Mais si l’action est au rendez-vous, Debney n’en oublie pas de nous rappeler que Zathura est un jeu dangereux et diabolique, comme le confirme le sombre "The Dumbwaiter" lorsque Walter et ses camarades se cachent pour échapper aux Zorgons qui ont envahis la maison. Cordes dissonantes, sursauts de clusters de cuivres, c’est bien simple, on se croirait revenu ici à l’époque des partitions horreur/thriller de Debney tendance I Know What You Did Last Summer ou The Relic. Ce passage de suspense glauque débouche alors sur un morceau particulièrement impressionnant, "Stealing the Game", six minutes où Debney fait monter la tension de façon très efficace (Walter entame une mission en solo pour récupérer le jeu qui se trouve dans le vaisseau des Zorgons), aboutissant à l’excitant "Robot’s Revenge" et son superbe rappel du thème héroïque pour le retour du robot fou. A noter au passage l’utilisation de percussions métalliques qui évoquent très clairement la présence du robot. "Shooting Star Card" (dont les premières secondes évoquent très clairement du John Williams tendance Star Wars) se distingue un peu du lot en apportant un peu d’espoir avec une partie finale chorale grandiose, rappelant The Abyss d’Alan Silvestri (coïncidence, la musique d’Abyss a été utilisée dans le trailer du film), lorsque Danny fait son voeux en apercevant l’étoile filante. L’espoir se concrétise enfin dans "Brother to Brother", débouchant sur deux derniers morceaux d’action spectaculaires, "Danny Wins the Game" et son rappel triomphant du thème héroïque, puis le massif "Zathura Is a Black Hole", l’auditeur pouvant enfin respirer avec "Back Home" et le paisible "Home Again" pour le traditionnel happy-end très américain d’esprit du film.

Avec Zathura, John Debney sort l’artillerie lourde et ne fait incontestablement pas dans la dentelle, nous offrant un score d’action grandiose et massif sans être d’une folle originalité. Comme toujours chez Debney, on regrettera le manque de personnalité de sa musique, qui sent une fois de plus l’inspiration des sempiternels temp-tracks. Il n’est ainsi pas difficile de ressentir ici l’influence de John Williams, d’Alan Silvestri ou de Don Davis tout au long du score de Zathura. Néanmoins, le résultat est tellement spectaculaire et captivant dans le film que l’on ne peut qu’applaudir le nouvel effort d’un compositeur qui n’est jamais aussi bon que lorsqu’il décide de sortir de ses traditionnelles comédies familiales pour nous livrer une grosse partition d’action symphonique épique, à mi-chemin ici entre Cutthroat Island et My Favorite Martian.

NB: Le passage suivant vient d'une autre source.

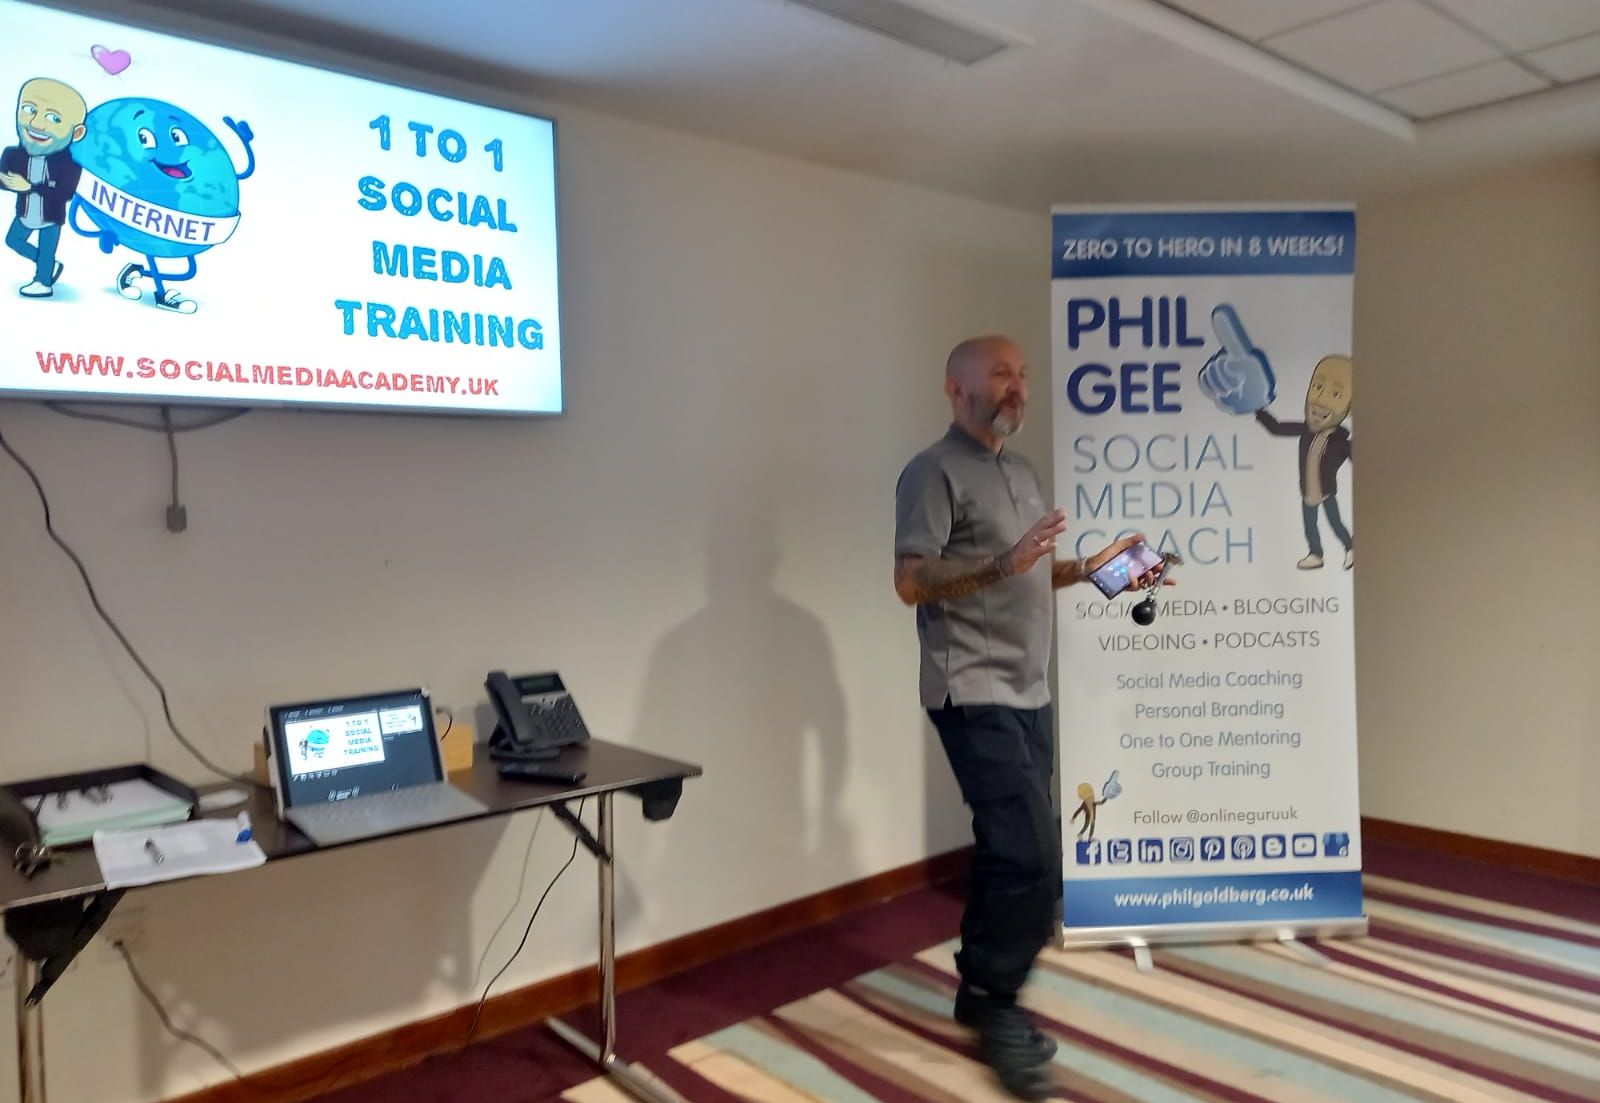 Networking with Gee's Connecting Businesses. Owner Phil Gee

Dommage que le superbe thème principal n’ait pas été mieux exploité tout au long du film, une énorme occasion ratée de la part du compositeur qui aurait du nous offrir des développements thématiques épiques dignes de Cutthroat Island. A noter que, pour un film d’aventure familial aussi calibré, la musique s’avère être particulièrement sombre et massive, comme si le compositeur avait reçu le mot d’ordre de prendre le film très au sérieux. Ce n’est certainement pas nous qui allons nous en plaindre, le résultat étant, comme dit précédemment, particulièrement accrocheur tout en manquant une fois encore de personnalité, de fantaisie, d’originalité. Quoiqu’on en pense, Zathura s’avère quand même être un bien bel effort qui, sans renouveler le genre de la musique d’action hollywoodienne, confirme que les grandes pages symphoniques ont encore leur place dans les bobines hollywoodiennes.